Finding the individual/collective balance is not easy: the national element in Palestine/Israel cannot be ignored or minimized, but neither do bi-national states work very well. The balance should therefore be weighted towards civil rights and the nurturing of a multicultural society, perhaps on the Canadian model. Beneath the technicalities, however, looms an exceptionally unjust and painful history between Israelis and Palestinians, certainly not one of equals, and it is unlikely that the narratives and experiences of the two peoples will ever be bridged. (That does not mean, however, that a process of reconciliation cannot be undertaken after the political issues are resolved.) But to attempt to resolve all the issues of disagreement at this stage is pointless; it simply throws any constructive political process into an irresolvable maelstrom of claims and counter-claims. There seems to be only one useful starting point for a joint effort to construct a single state for all: the principle of self-determination mitigated by the necessity of creating a single political entity. Beginning with the idea that two peoples share the country and, given their own national identities and needs, must also create a common political space, that extremely difficult task of constructing a functioning state where bi-national states have for the most part failed falls to us who are capable of delaying historical accounting, compensation and reconciliation until after a just and feasible unitary state can be founded. That does not mean replacing genuine issues and needs with the technicalities of state-building – they go hand-in-hand – but rather privileging the common needs of the moment for a future in which redress and reconciliation are possible.

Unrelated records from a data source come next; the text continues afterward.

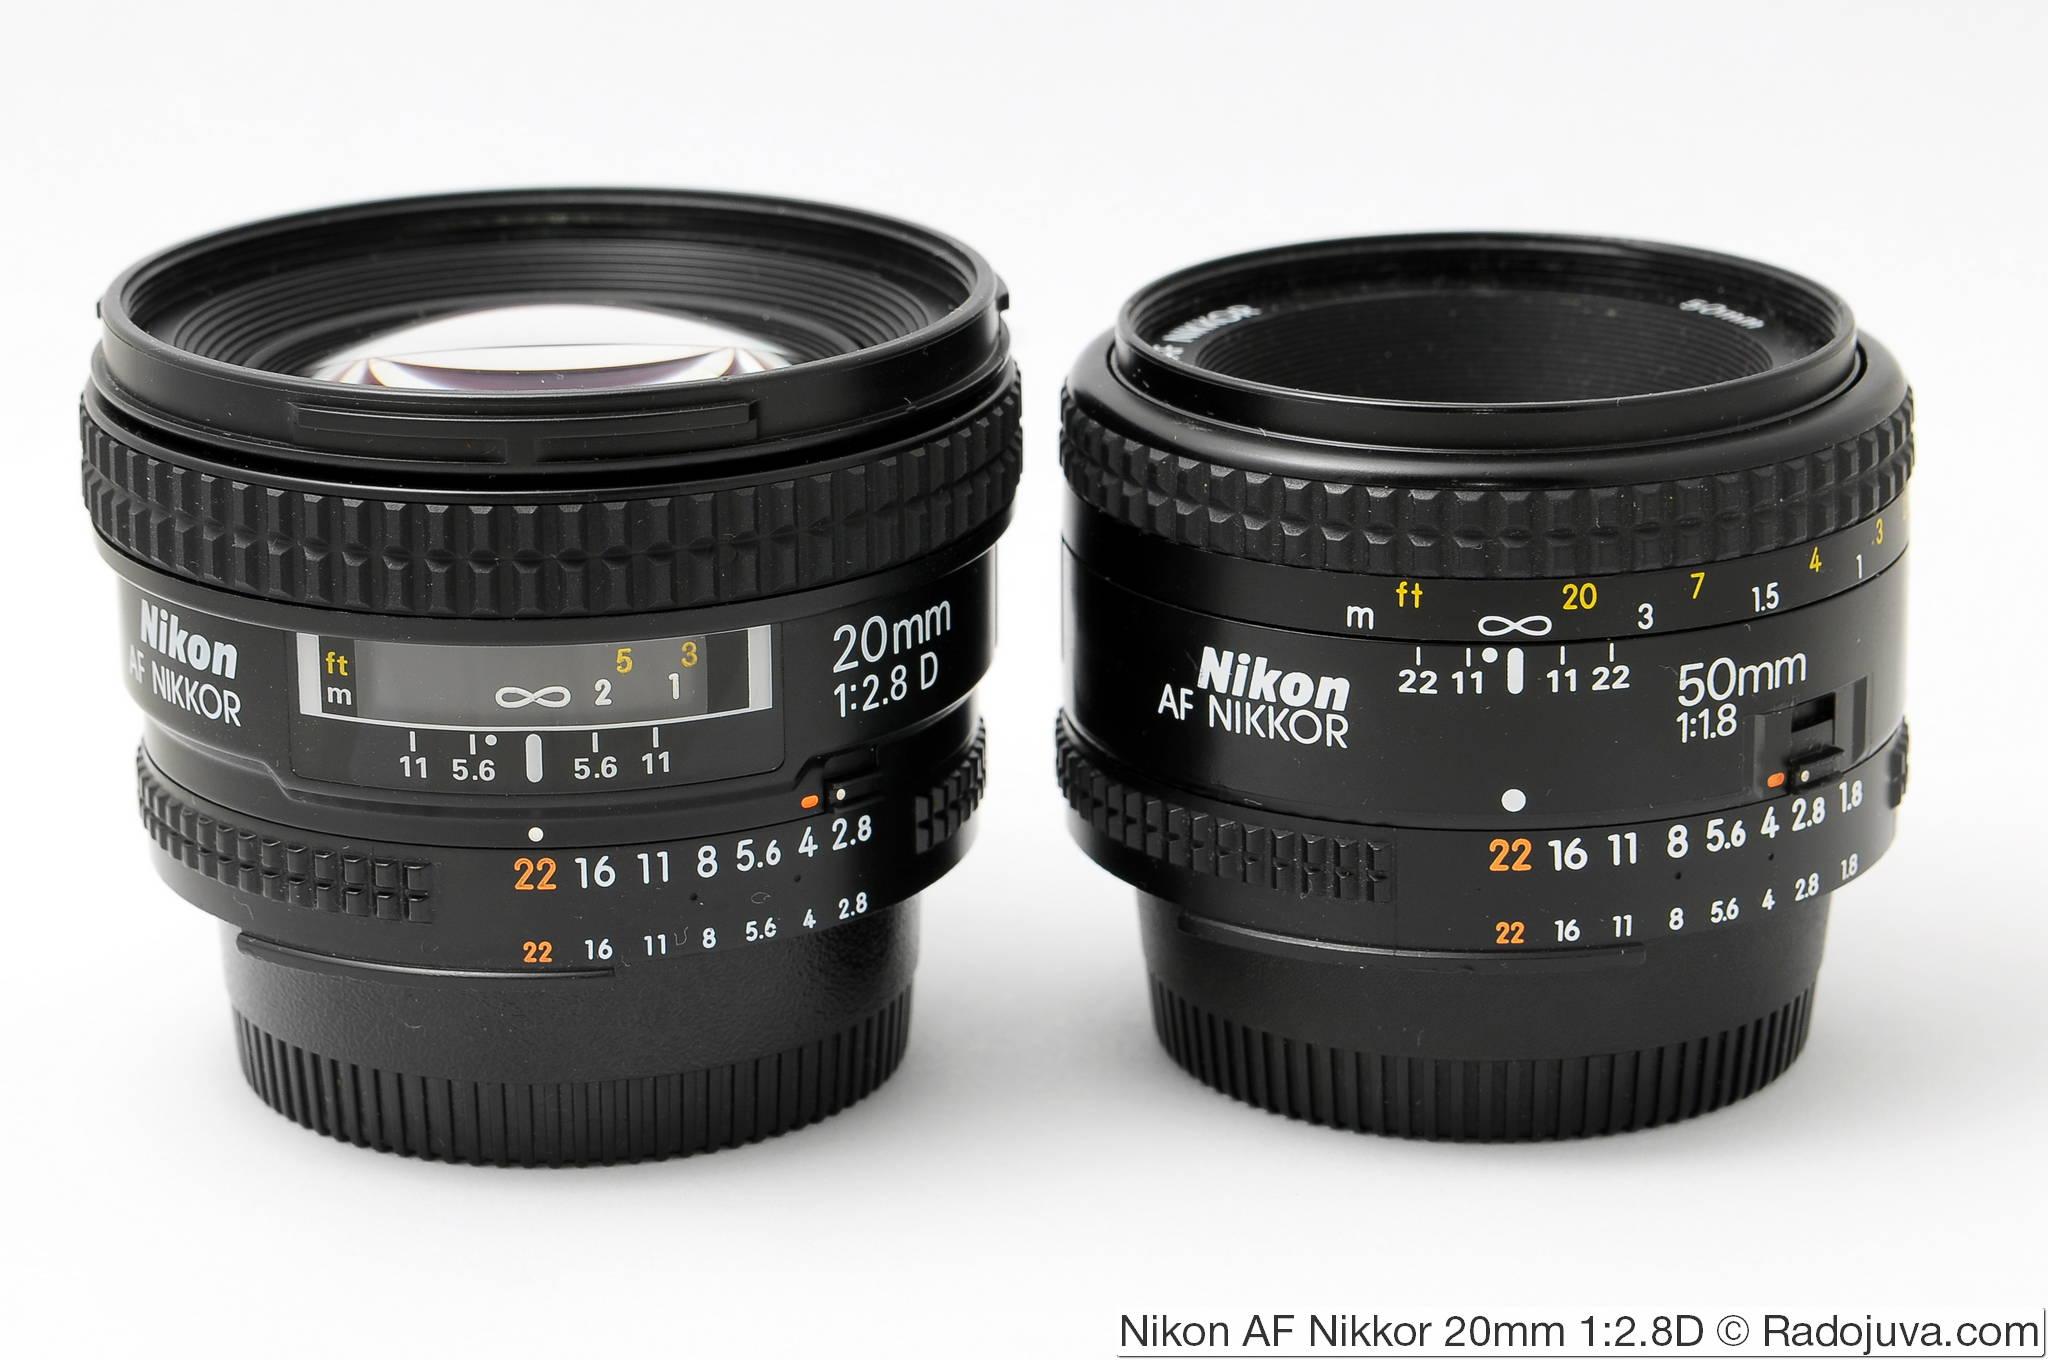 Dimensions Nikon 20 / 2.8D and Nikon AF Nikkor 50mm 1: 1.8
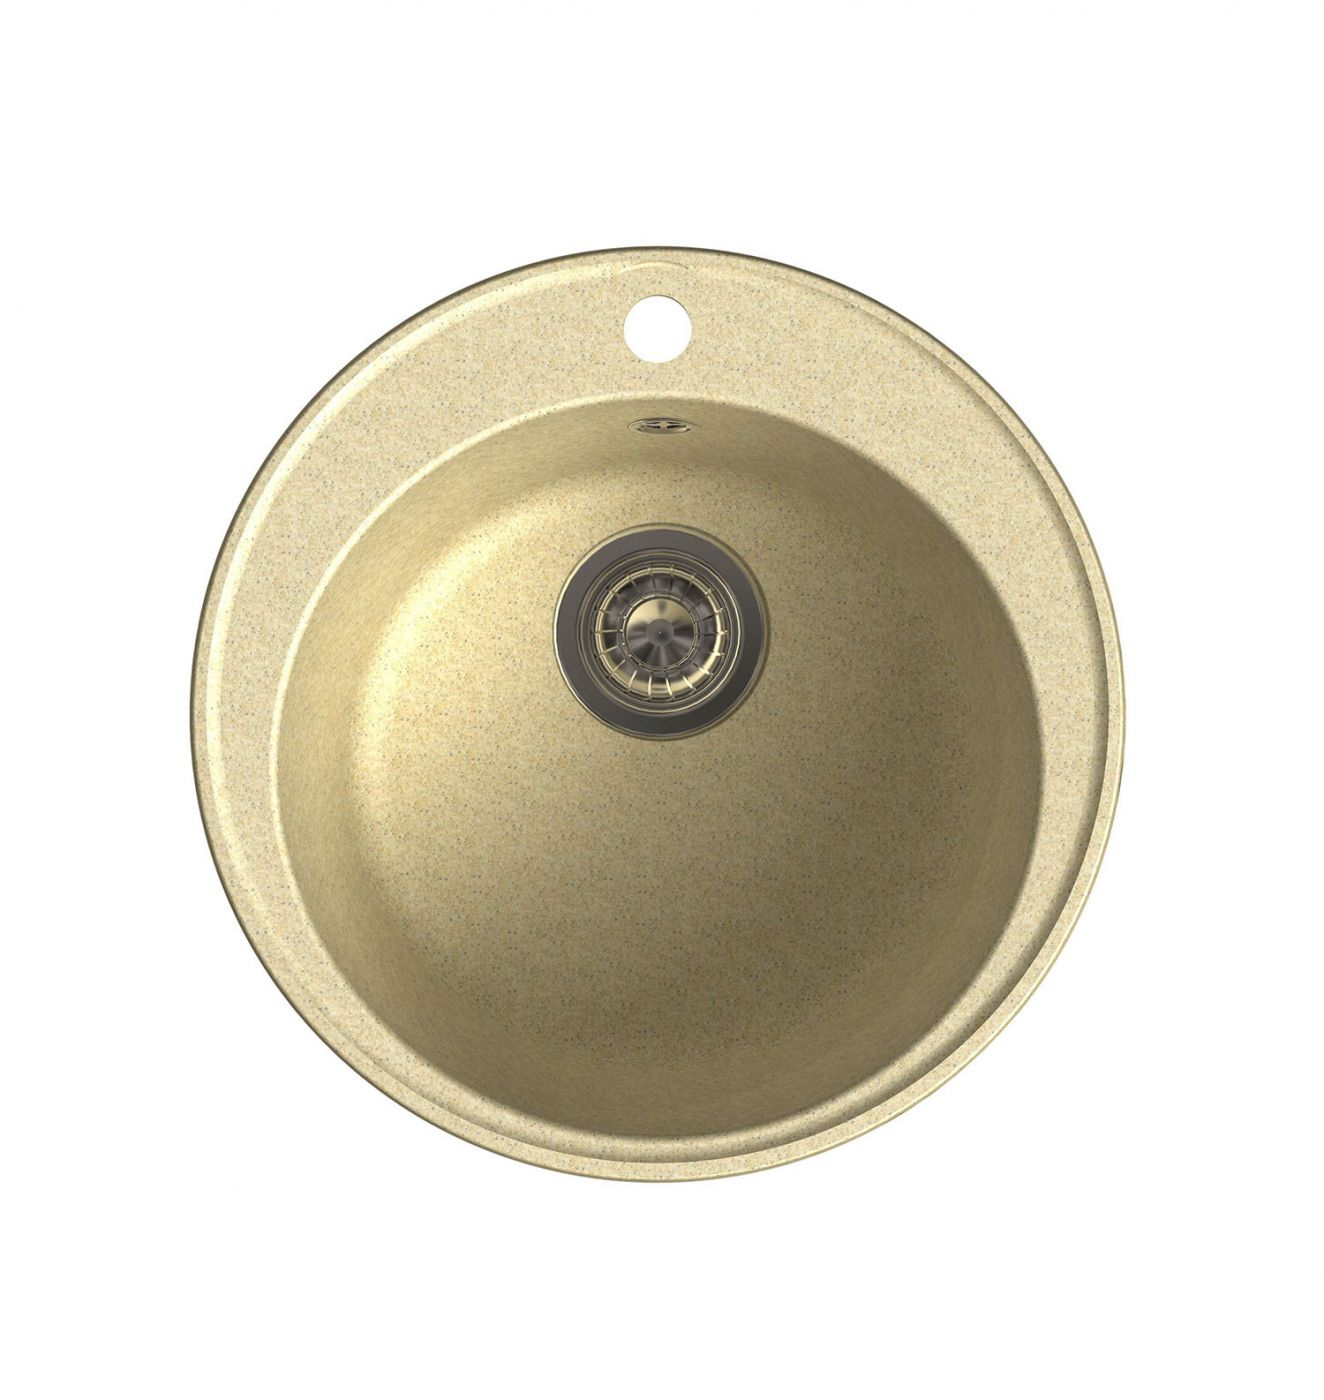 Врезная кухонная мойка LEX Lugano 480 Ivory  48х48см полимер RULE000004
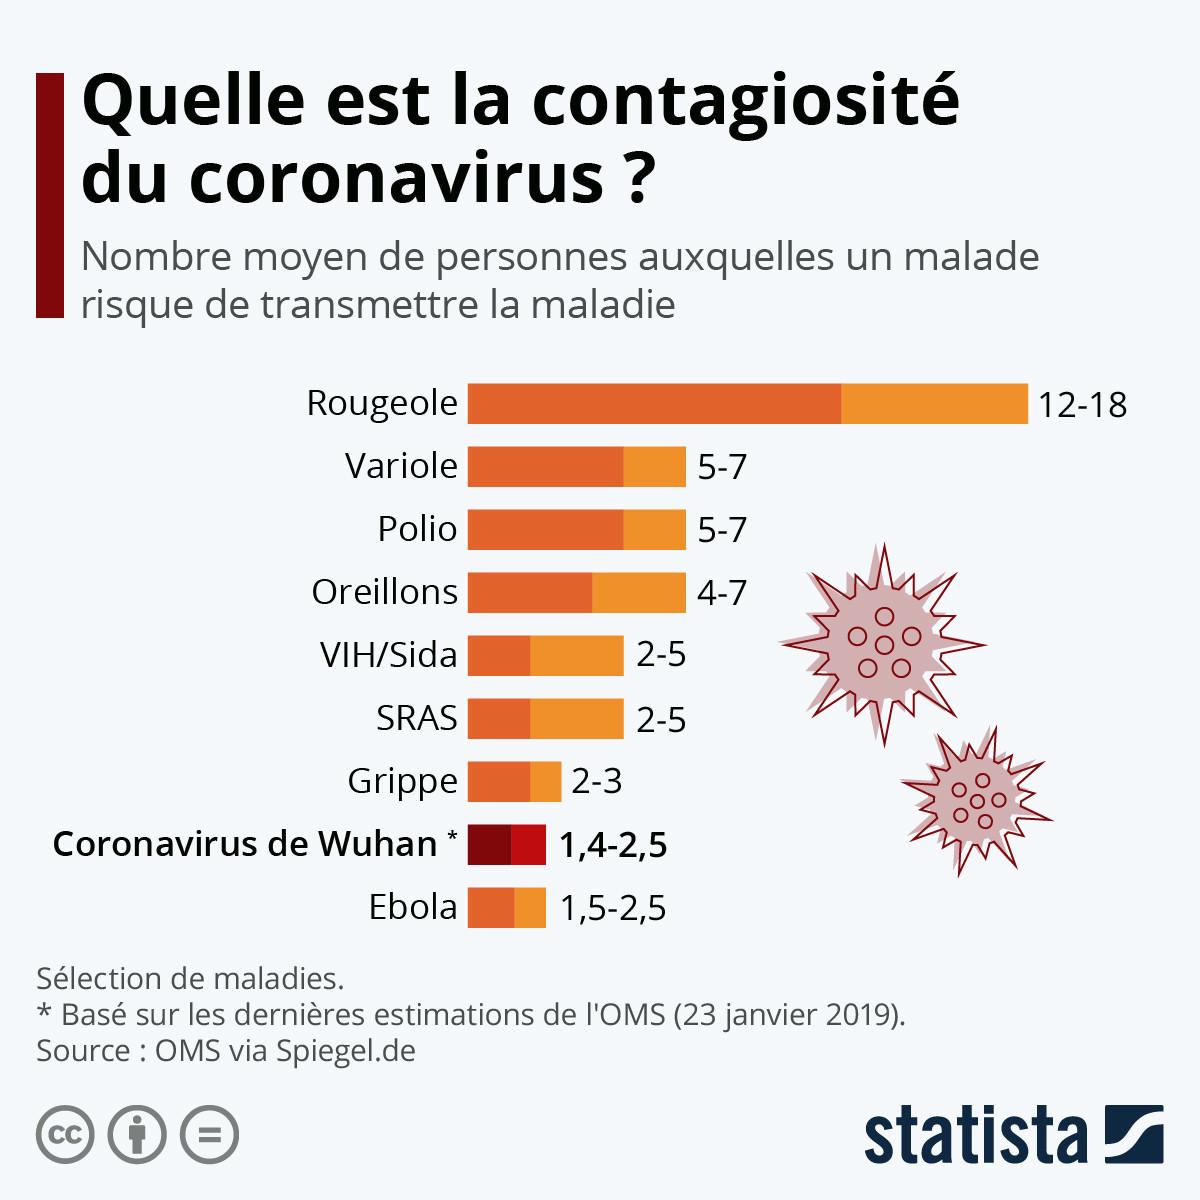 Une infographie sur le taux de contagiosité de différents virus comme le coronavirus.

These are our initial formulations regarding an urgent project of peace-making that must engage ever-widening circles of Palestinians and Israelis, with input from others. They are not intended to cover up crimes of the past or present, but rather to identify broad areas of common interests upon which our joint future can be built – followed by redress, reconciliation and historical accounting. If we seek to be political actors playing a key role in resolving the Israeli-Palestinian conflict, we must work together to articulate a genuinely rights-based solution that will not only resolve the issues before us, but will pave the way for reconciliation and regional development. Then we must work to legitimize it to a point where it becomes a viable political alternative.
Beyond that, we must do what we have failed to do until now: block out a strategy of “getting there,” beginning by identifying the international institutions and governments with whom we must work, and finding effective ways of mobilizing them.
The work has just begun. We
at ICAHD believe that civil society – Palestinian, Israeli and international – will play a decisive role in achieving justice, equality, peace and reconciliation in our region. We stand ready to contribute what we can to ensure the joint future for our two peoples, and for all the peoples of the Middle East and beyond.